**Data**
---------------
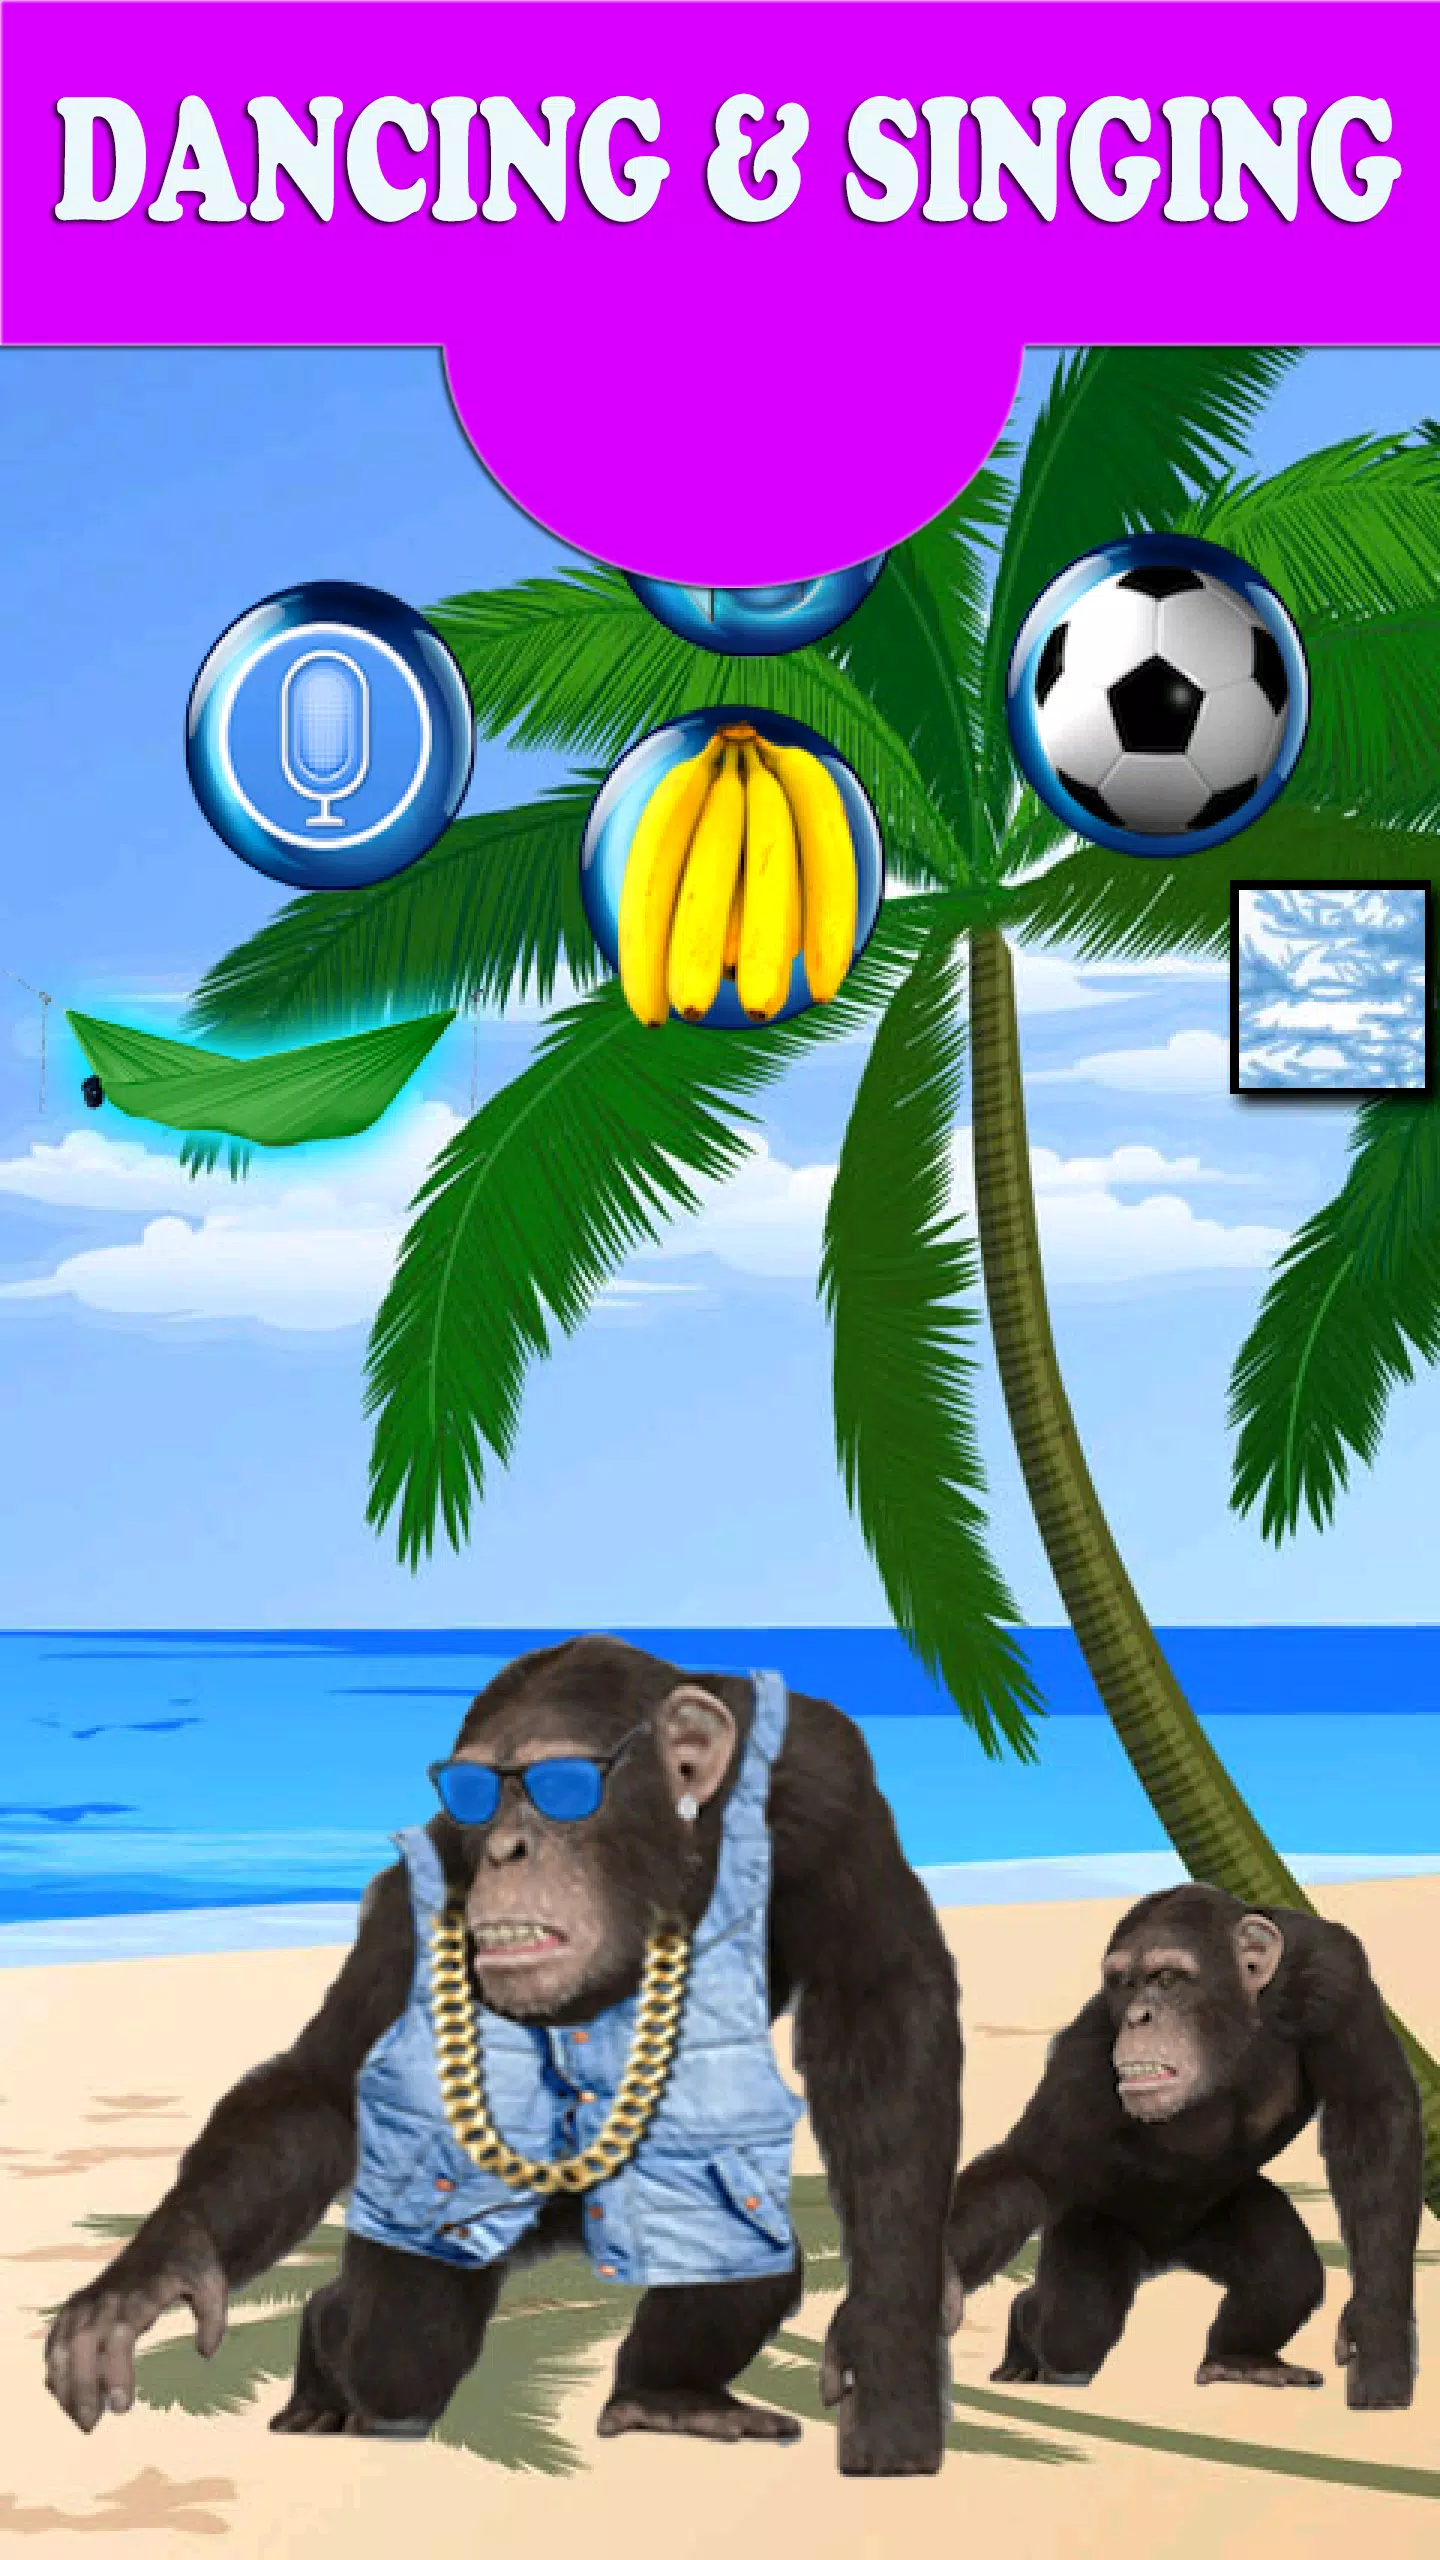 Macaco Falante – Apps no Google Play
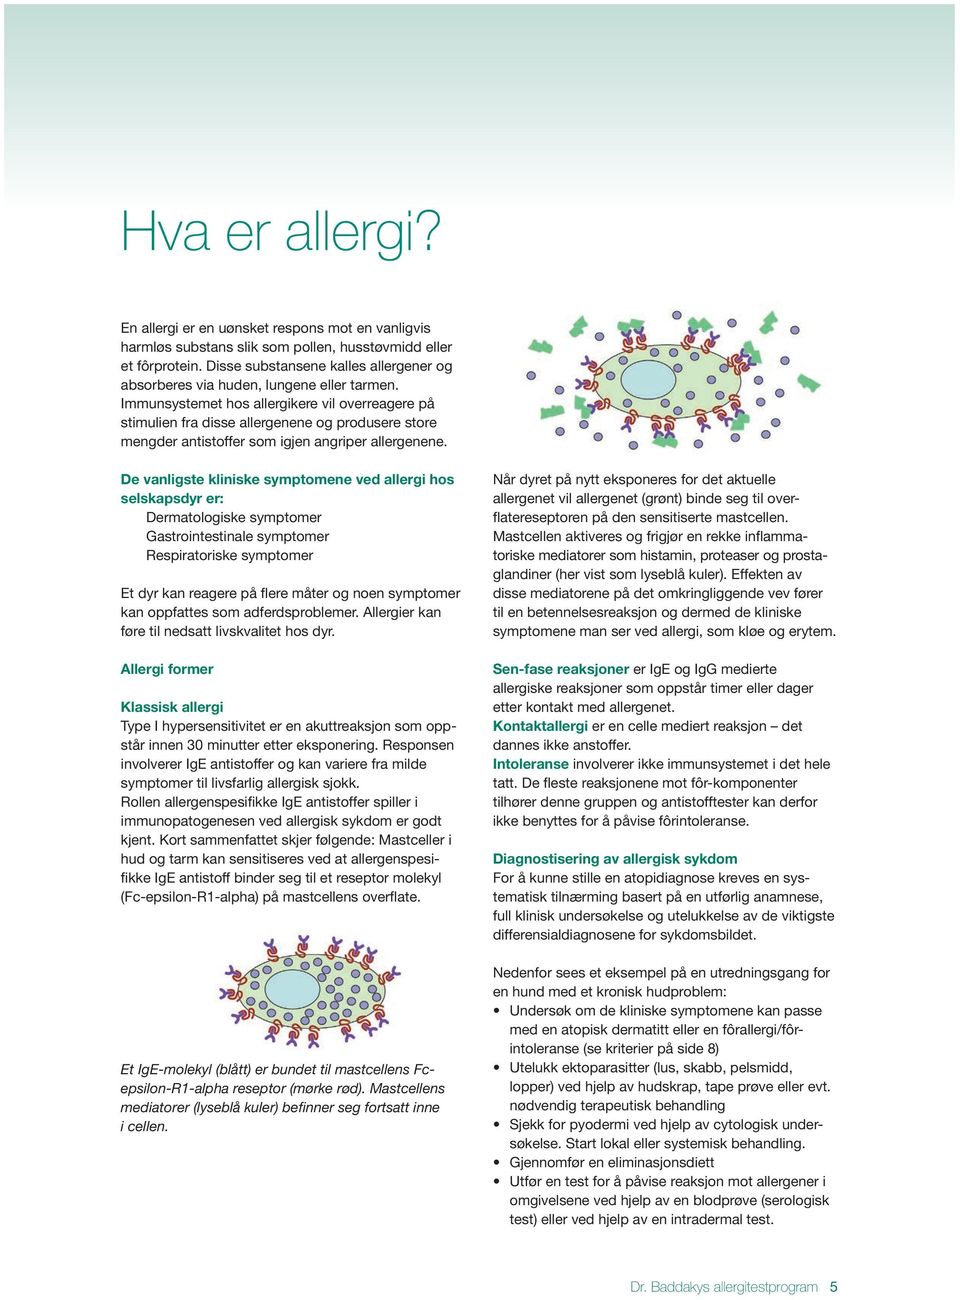 Immunsystemet hos allergikere vil overreagere på stimulien fra disse allergenene og produsere store mengder antistoffer som igjen angriper allergenene.
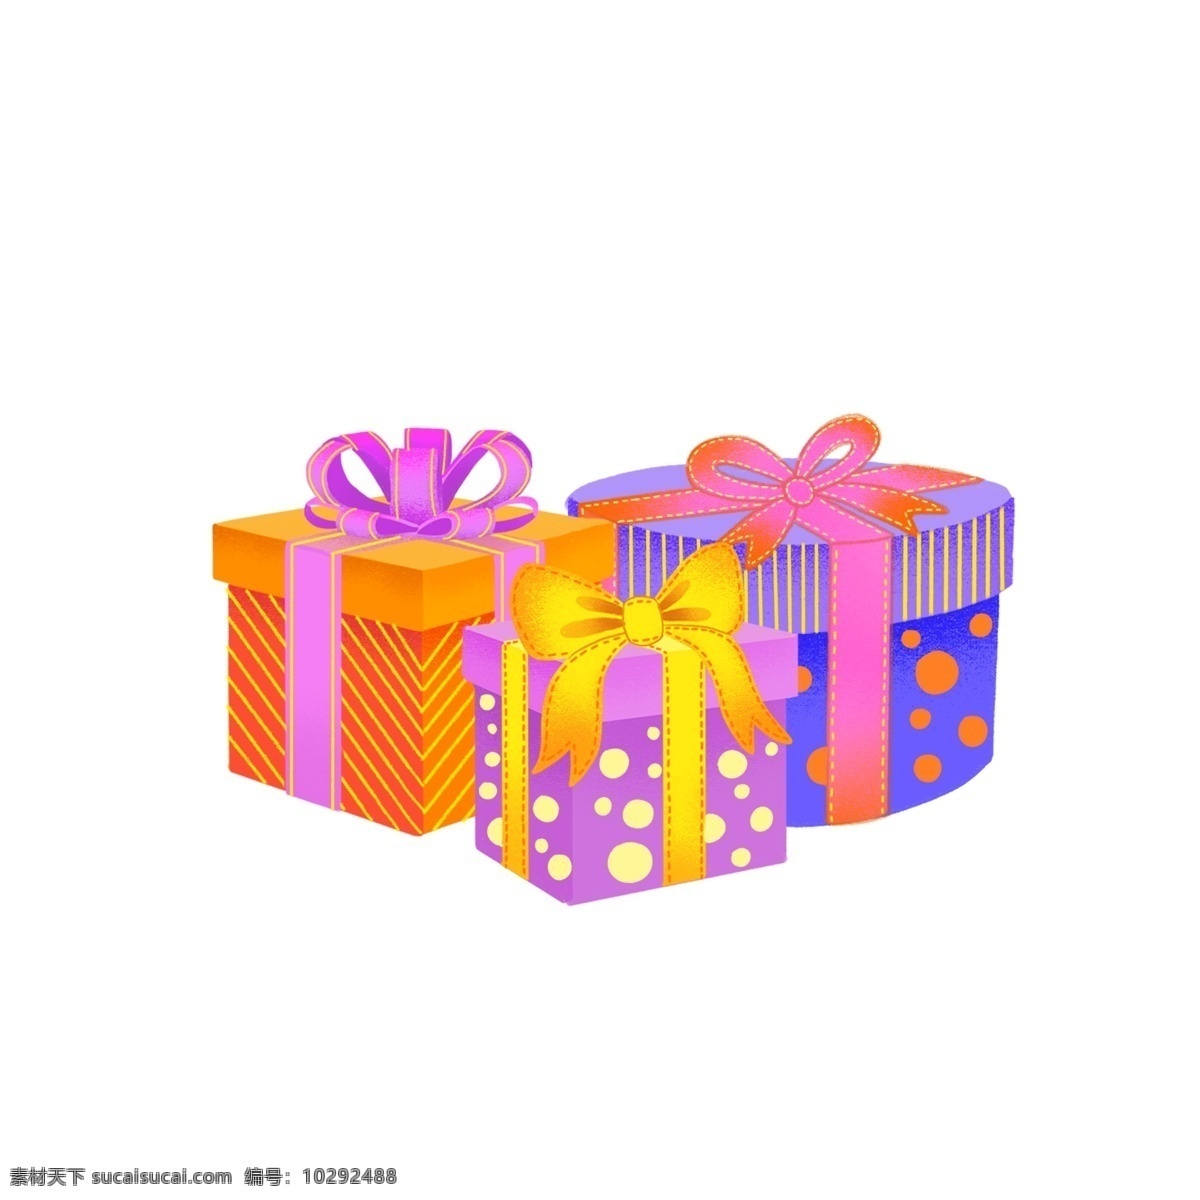 手绘 平安夜 圣诞节 礼物 盒 精品 元素 蝴蝶结 可爱 小清新 装饰 礼物盒 可商用 卡通 彩色
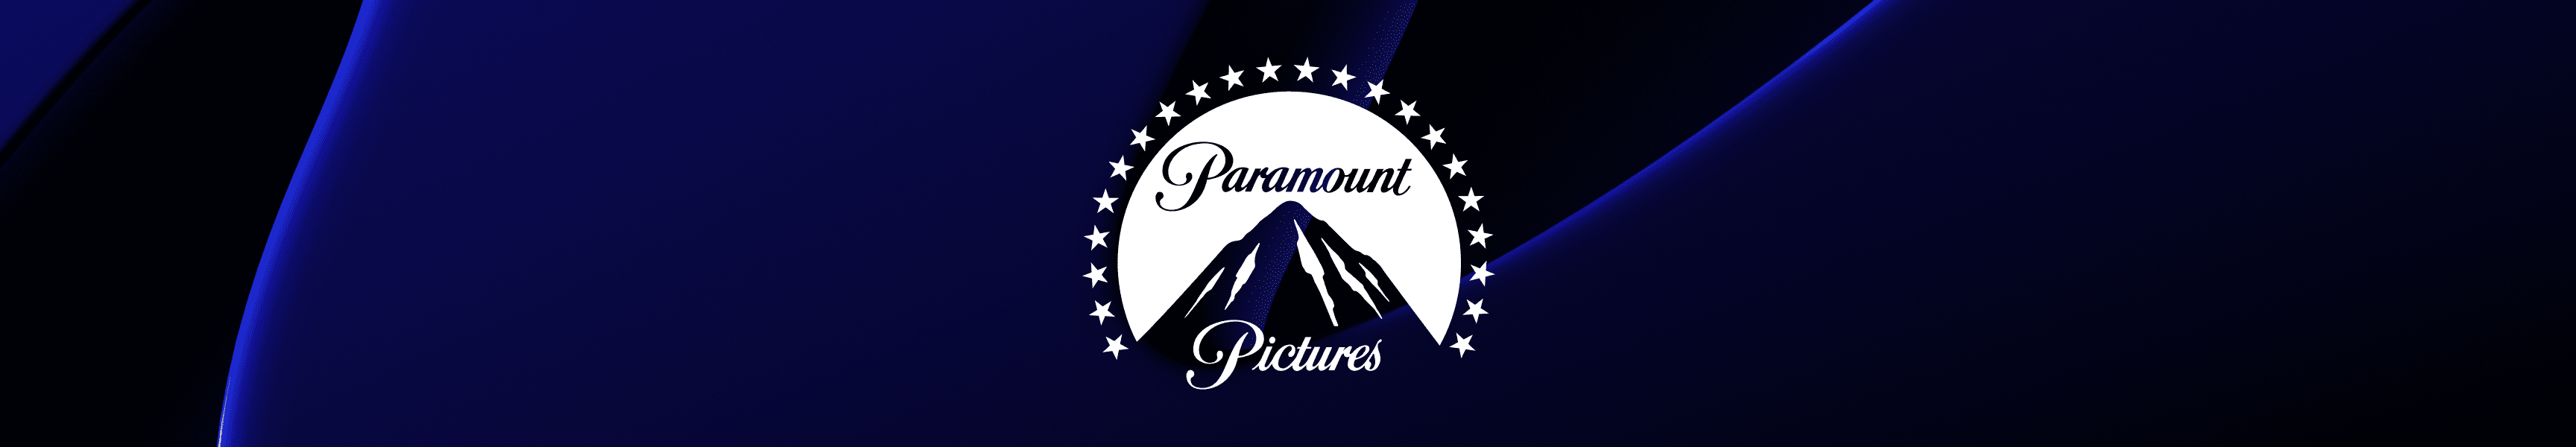 Paramount Pictures Bolsos y mochilas
---------------
In the copy you write, the data above must appear exactly, with no pictures.

**Result of the exercise**
 Macaco Falante – Apps no Google Play
 Immunsystemet hos allergikere vil overreagere på stimulien fra disse allergenene og produsere store mengder antistoffer som igjen angriper allergenene.
 手绘 平安夜 圣诞节 礼物 盒 精品 元素 蝴蝶结 可爱 小清新 装饰 礼物盒 可商用 卡通 彩色
 Paramount Pictures Bolsos y mochilas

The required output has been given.